Given records.
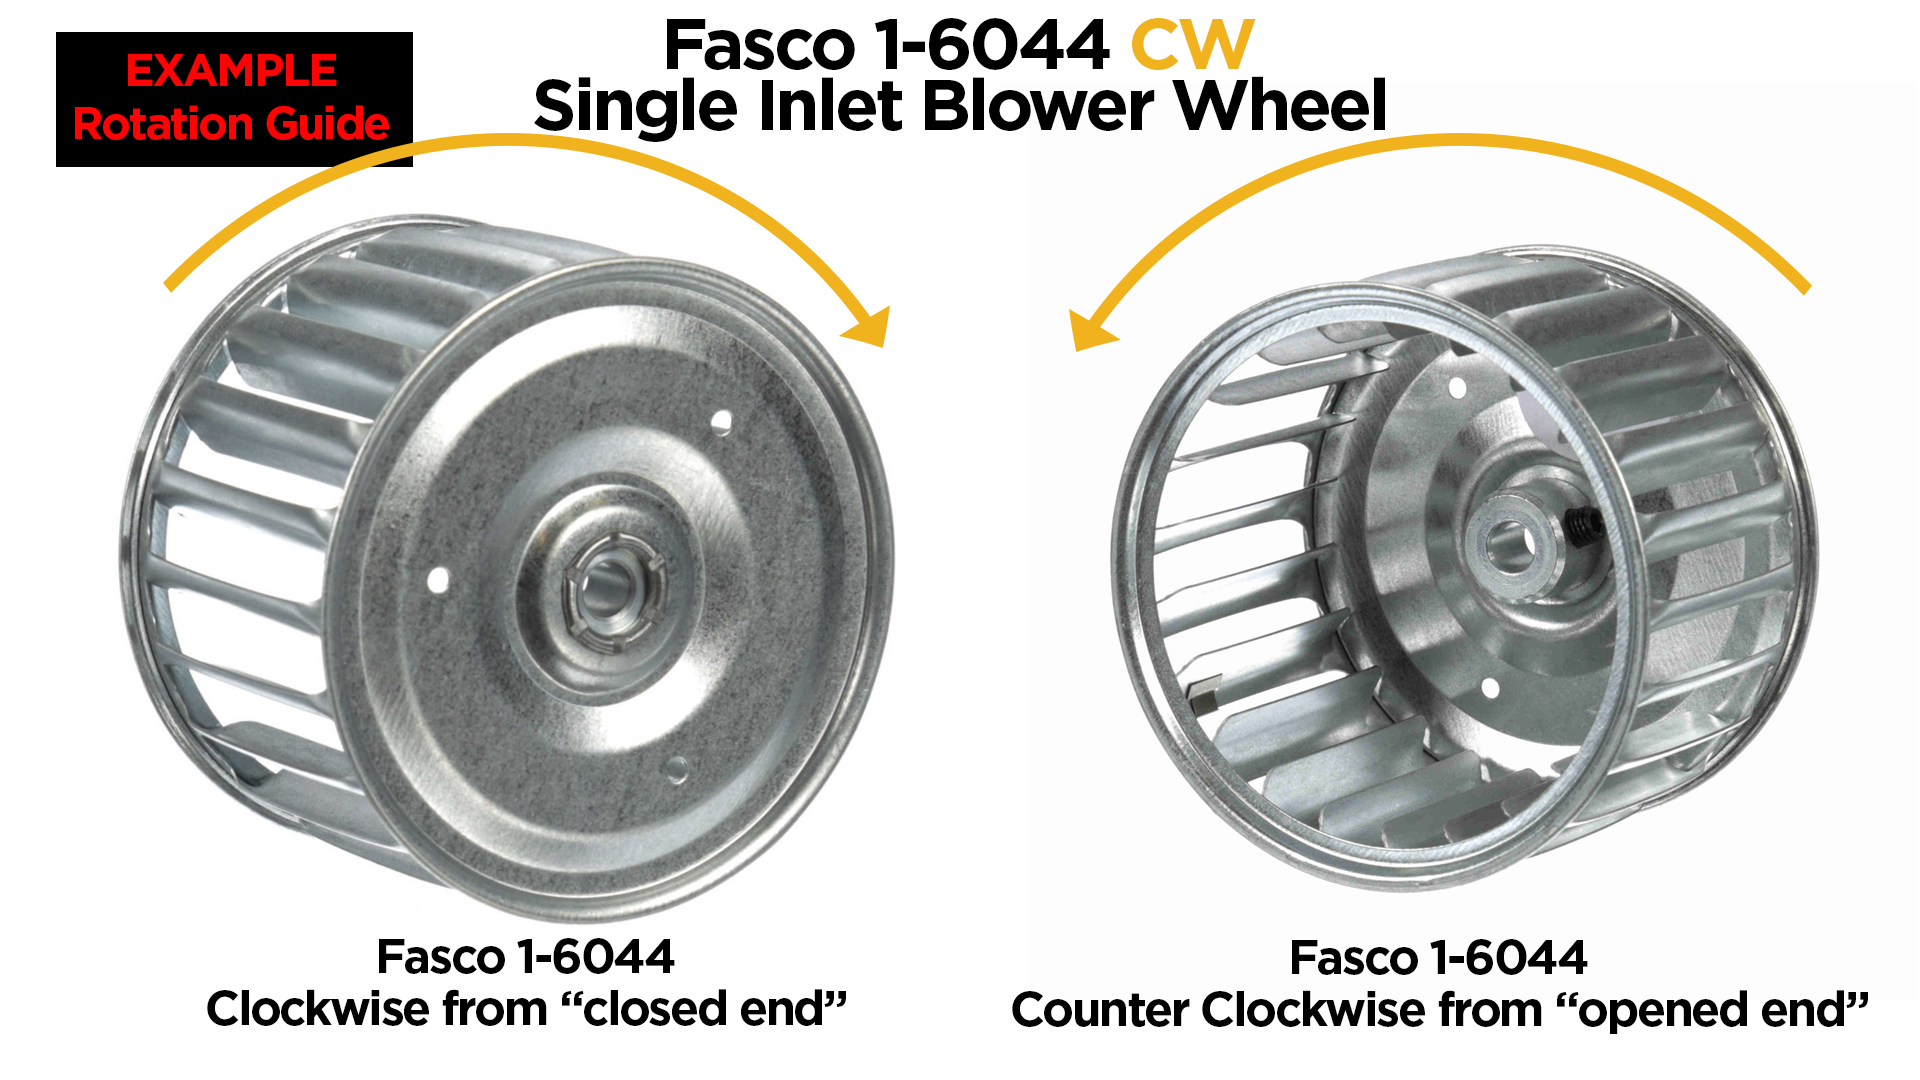 clockwise rotation guideline for single inlet blower wheel
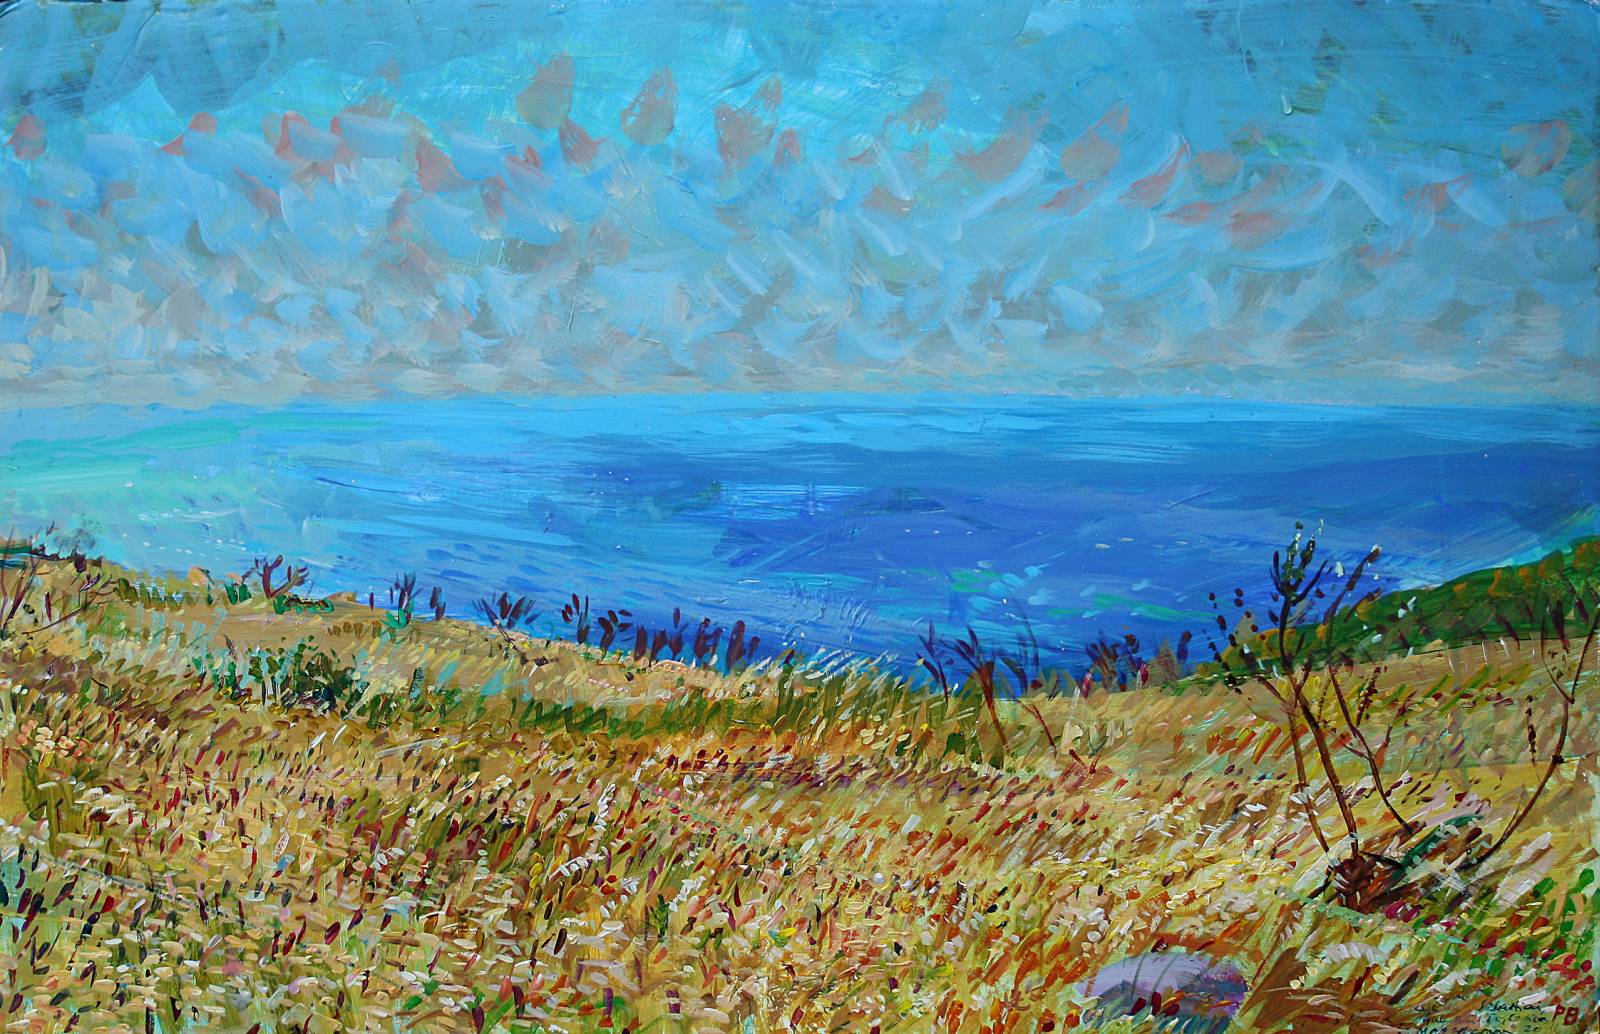 ‘THE MED OFF THE WEST COAST OF CORSICA - WITH ANCIENT WHEATFIELD IN FOREGROUND‘
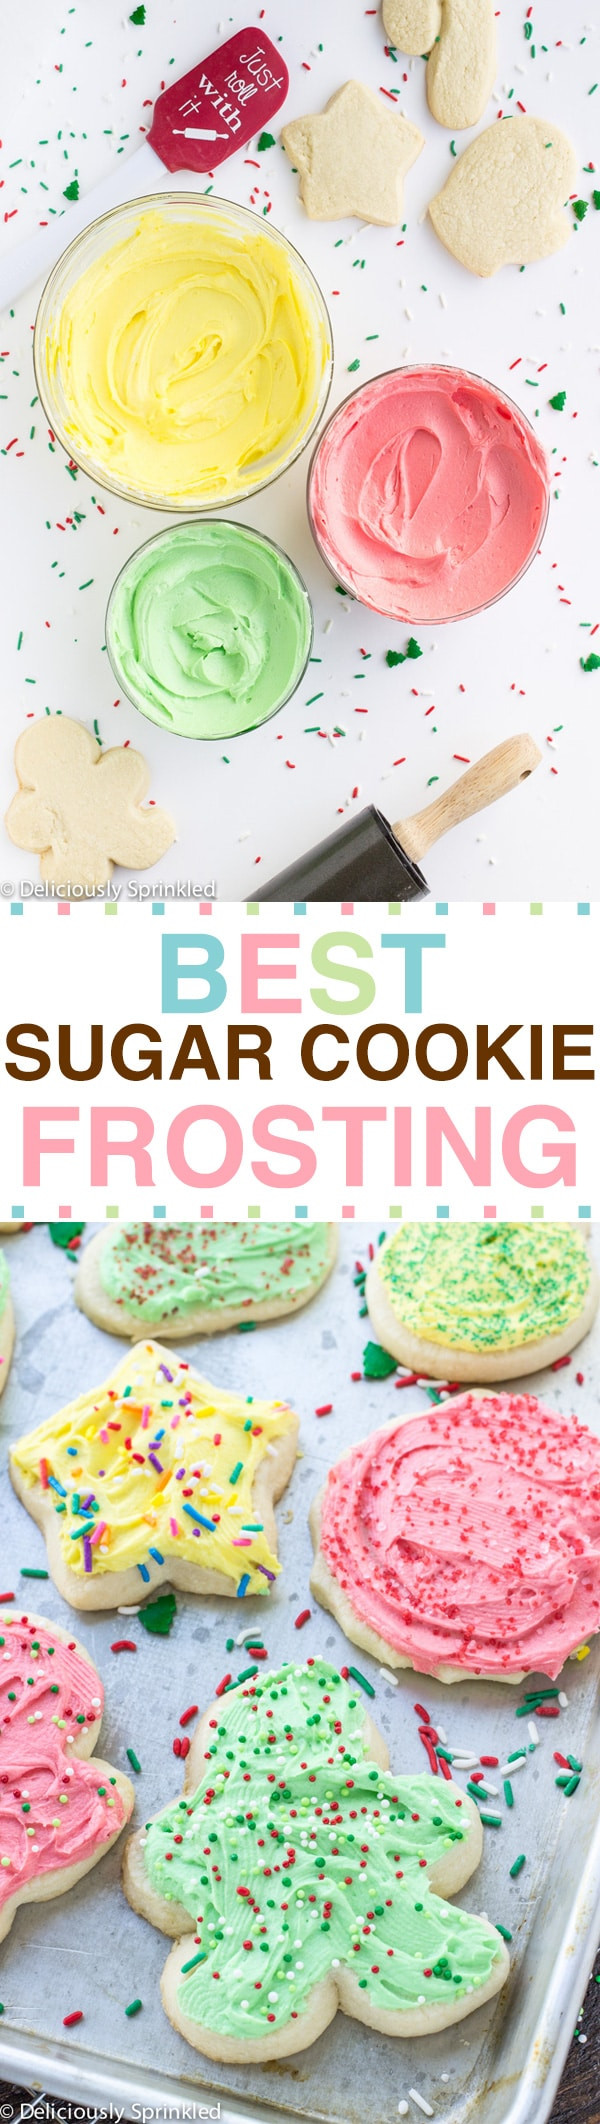 Cookie Frosting Recipes
 The Best Sugar Cookie Frosting
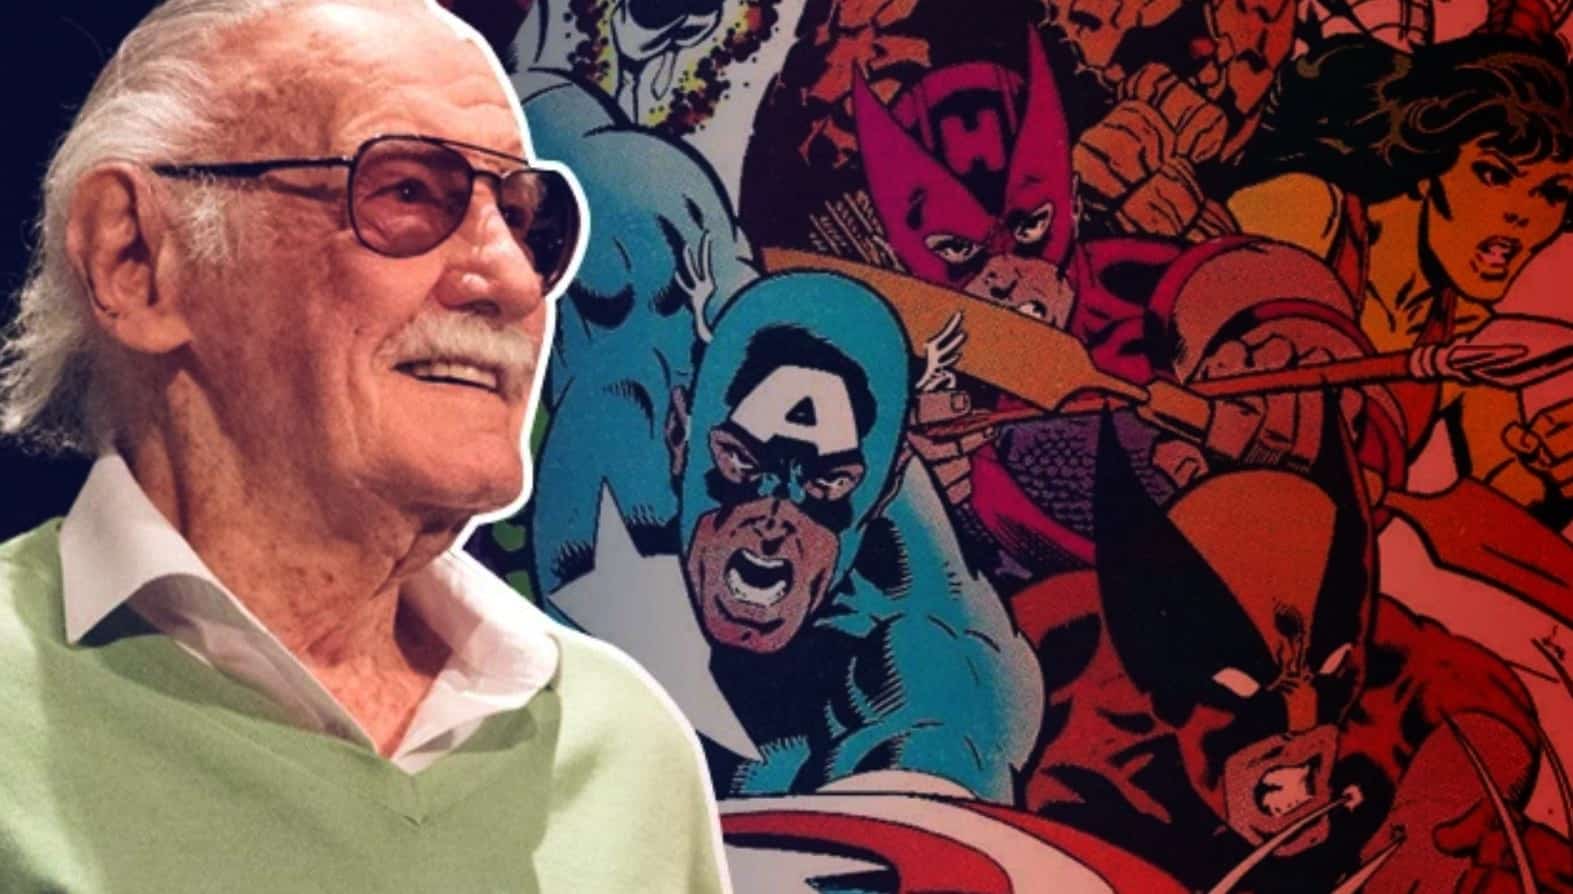 Stan Lee helped create several Marvel superheroes, villains and supporting characters that fans have grown to love and admire today

What is being asked. The lines wanted are those from the one with "Cookie Frosting Recipes" to the end of the entries above, repeated exactly, both ends included. Leave out the pictures.

Expected output.
 Cookie Frosting Recipes
 The Best Sugar Cookie Frosting
 Stan Lee helped create several Marvel superheroes, villains and supporting characters that fans have grown to love and admire today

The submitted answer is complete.